### What to work on
Copy all the lines of the listing below exactly. Skip the images.

### Raw data

--- START ---

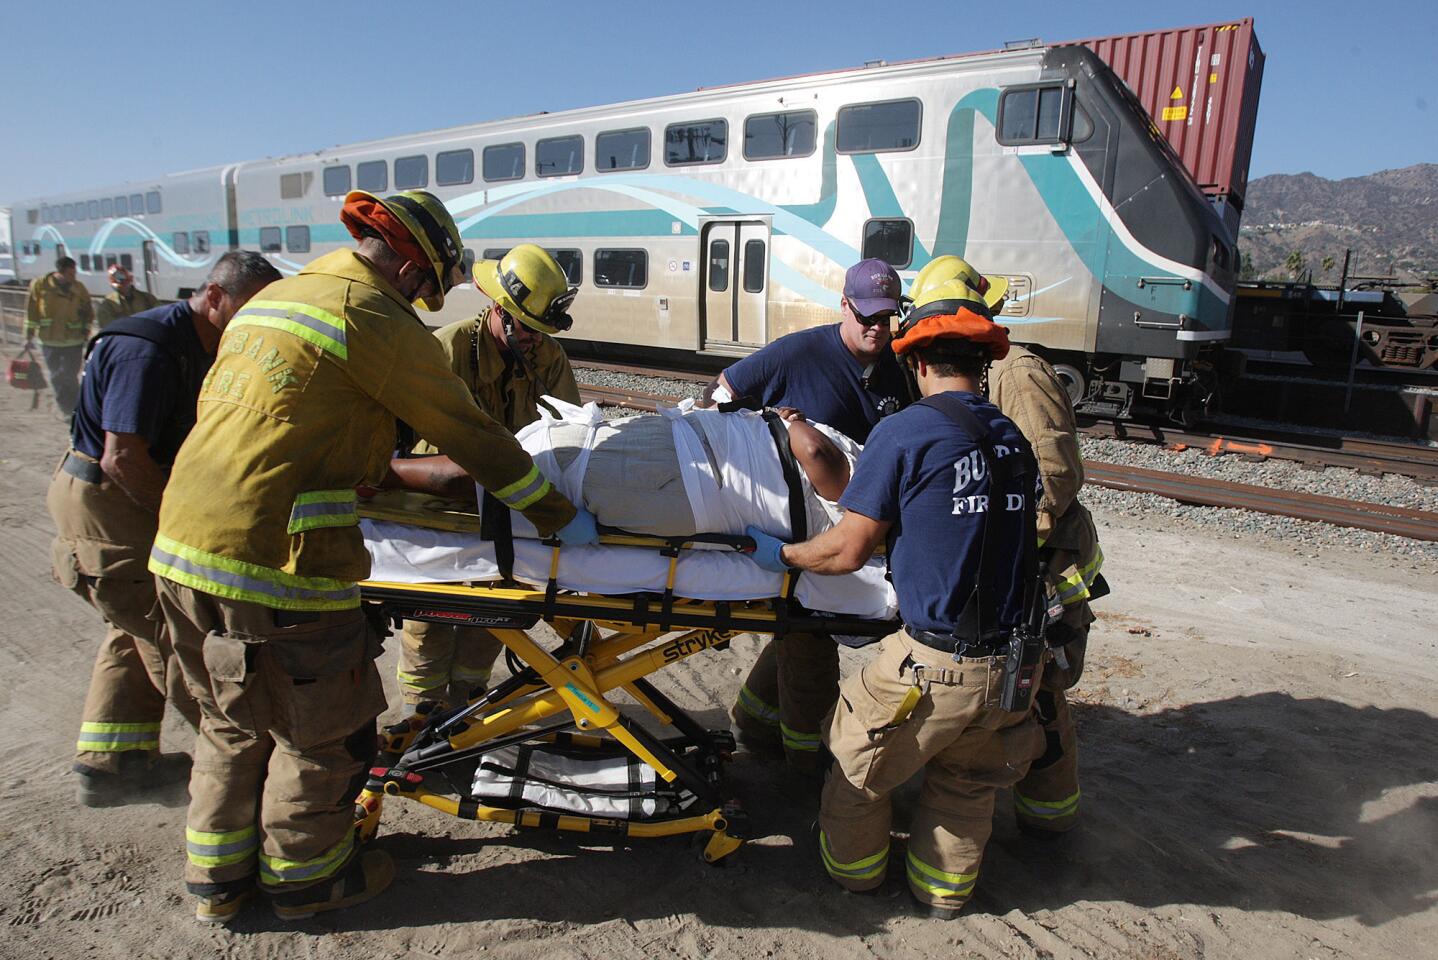 A fifth victim, of six, is taken by gurney to an awaiting ambulance from a southbound MetroLink commuter train after hitting a motorist at the intersection of San Fernando and Buena Vista in Burbank on Monday, September 2, 2014. There was one driver taken to the hospital in critical condition.
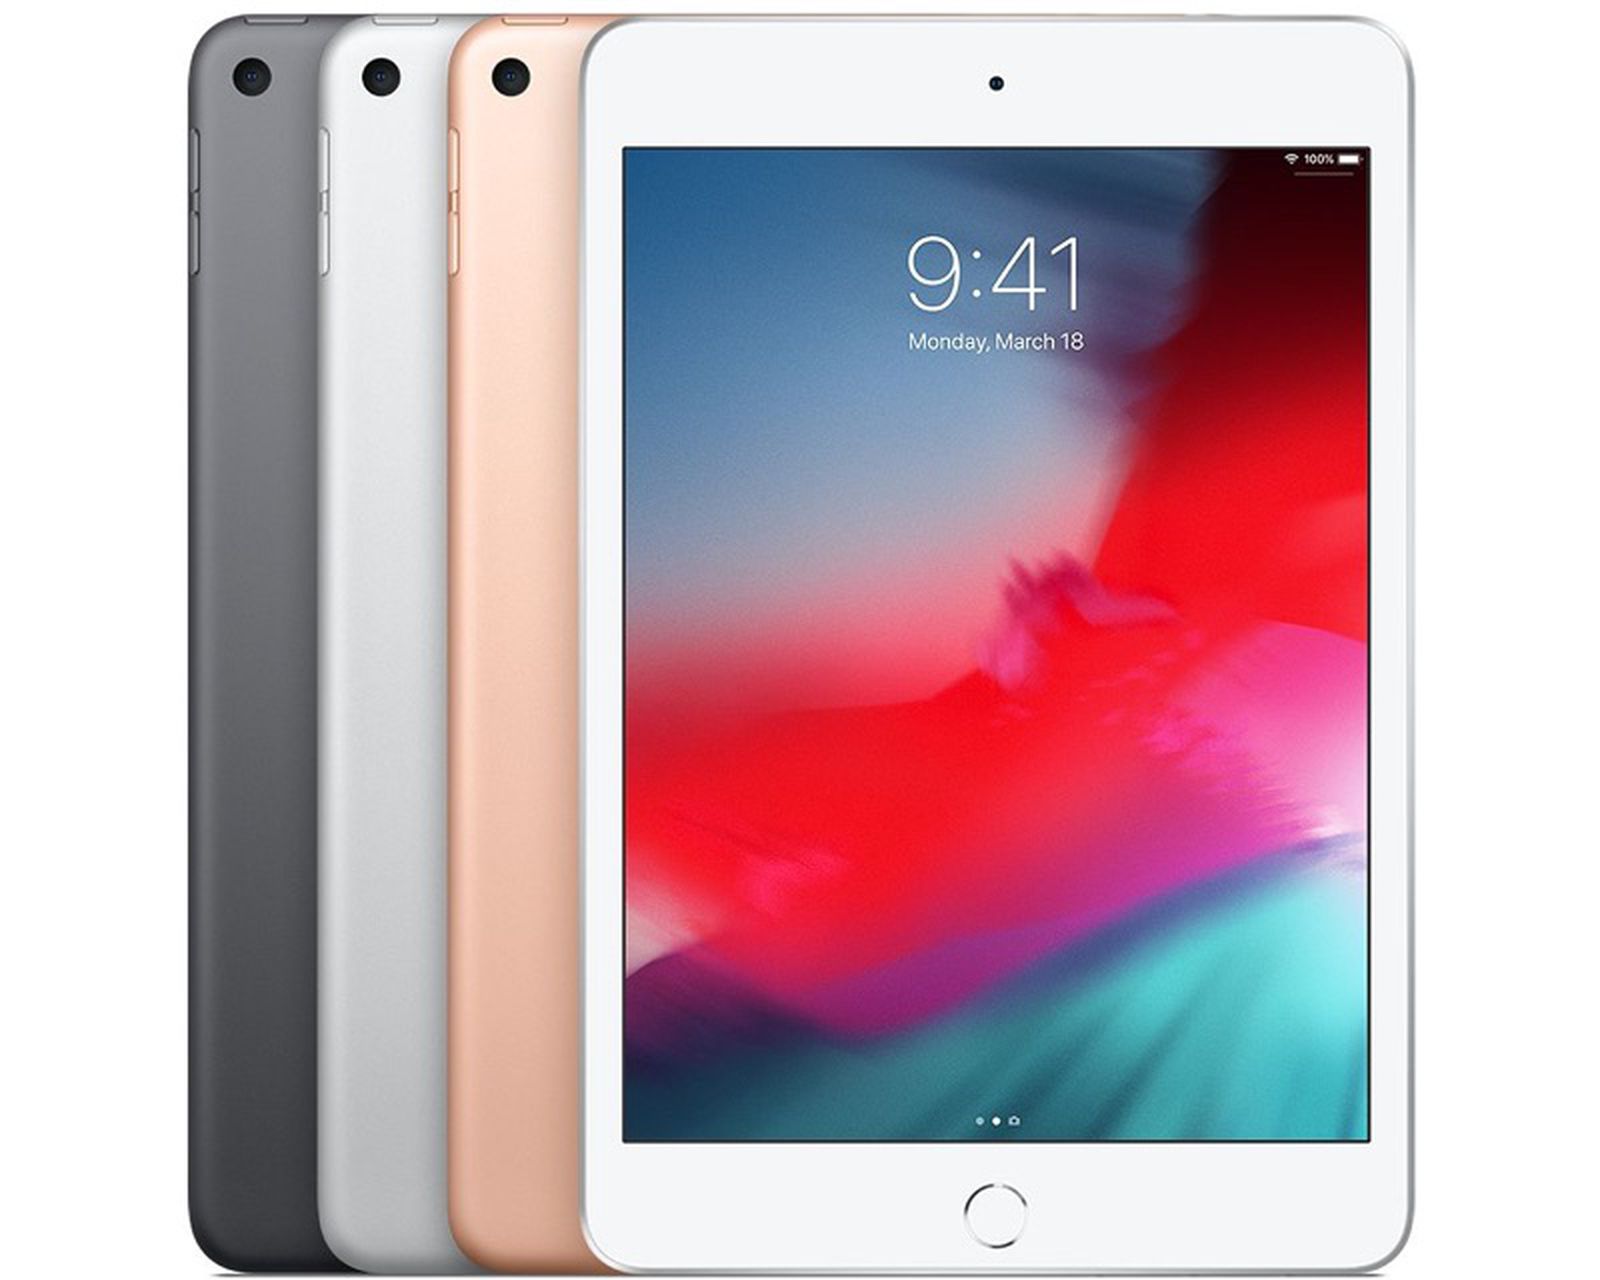 The sixth-generation iPad Mini will have an 8.4-inch screen with thinner frames, expected in March
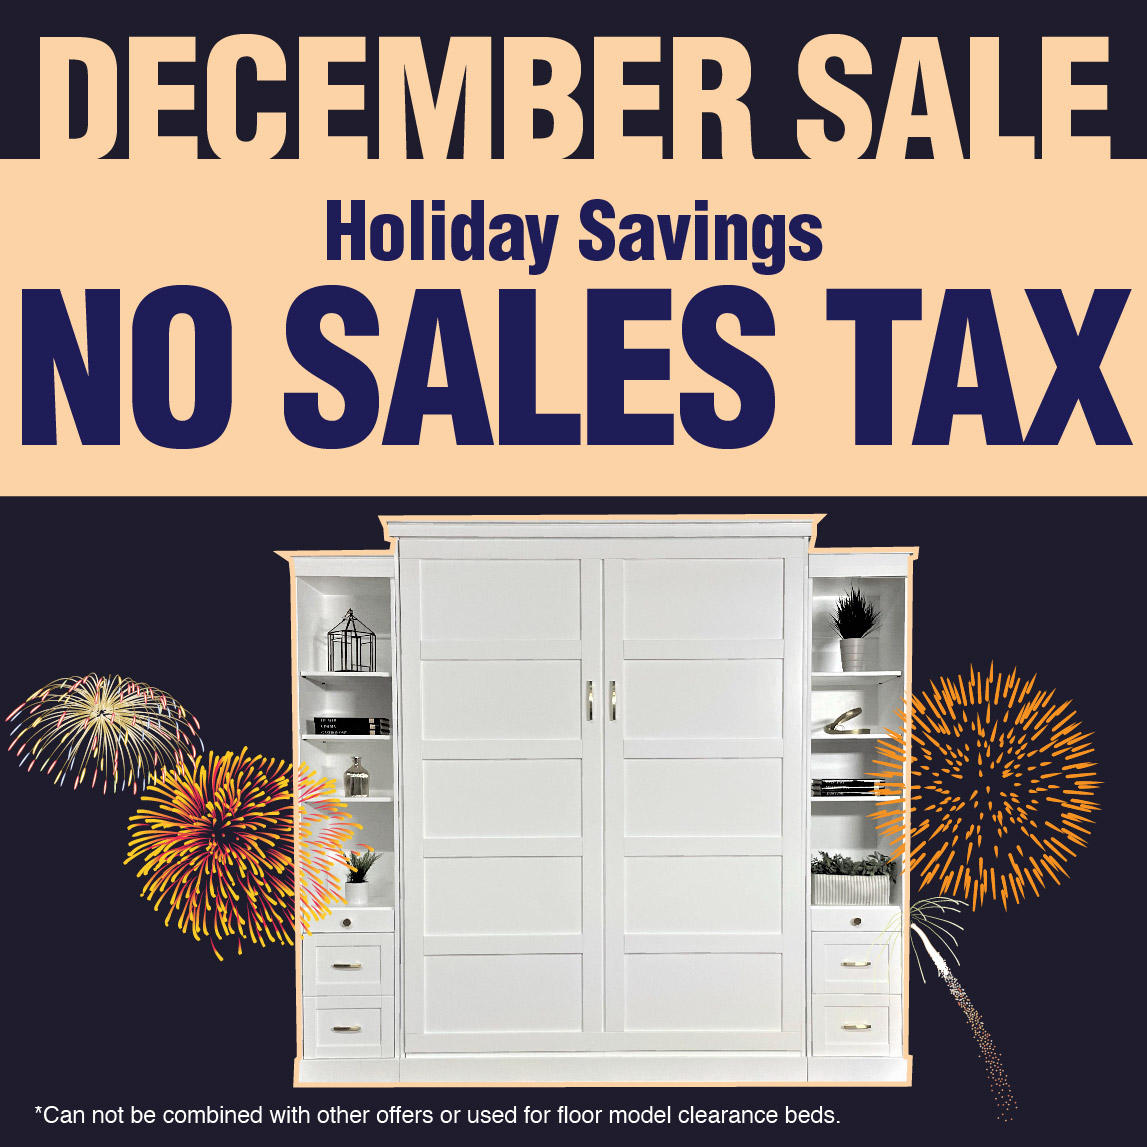 Purchase your Wall Bed or Murphy Bed from us in December 2022, and we will pay the sales tax!

--- END ---

### Response below
 A fifth victim, of six, is taken by gurney to an awaiting ambulance from a southbound MetroLink commuter train after hitting a motorist at the intersection of San Fernando and Buena Vista in Burbank on Monday, September 2, 2014. There was one driver taken to the hospital in critical condition.
 The sixth-generation iPad Mini will have an 8.4-inch screen with thinner frames, expected in March
 Purchase your Wall Bed or Murphy Bed from us in December 2022, and we will pay the sales tax!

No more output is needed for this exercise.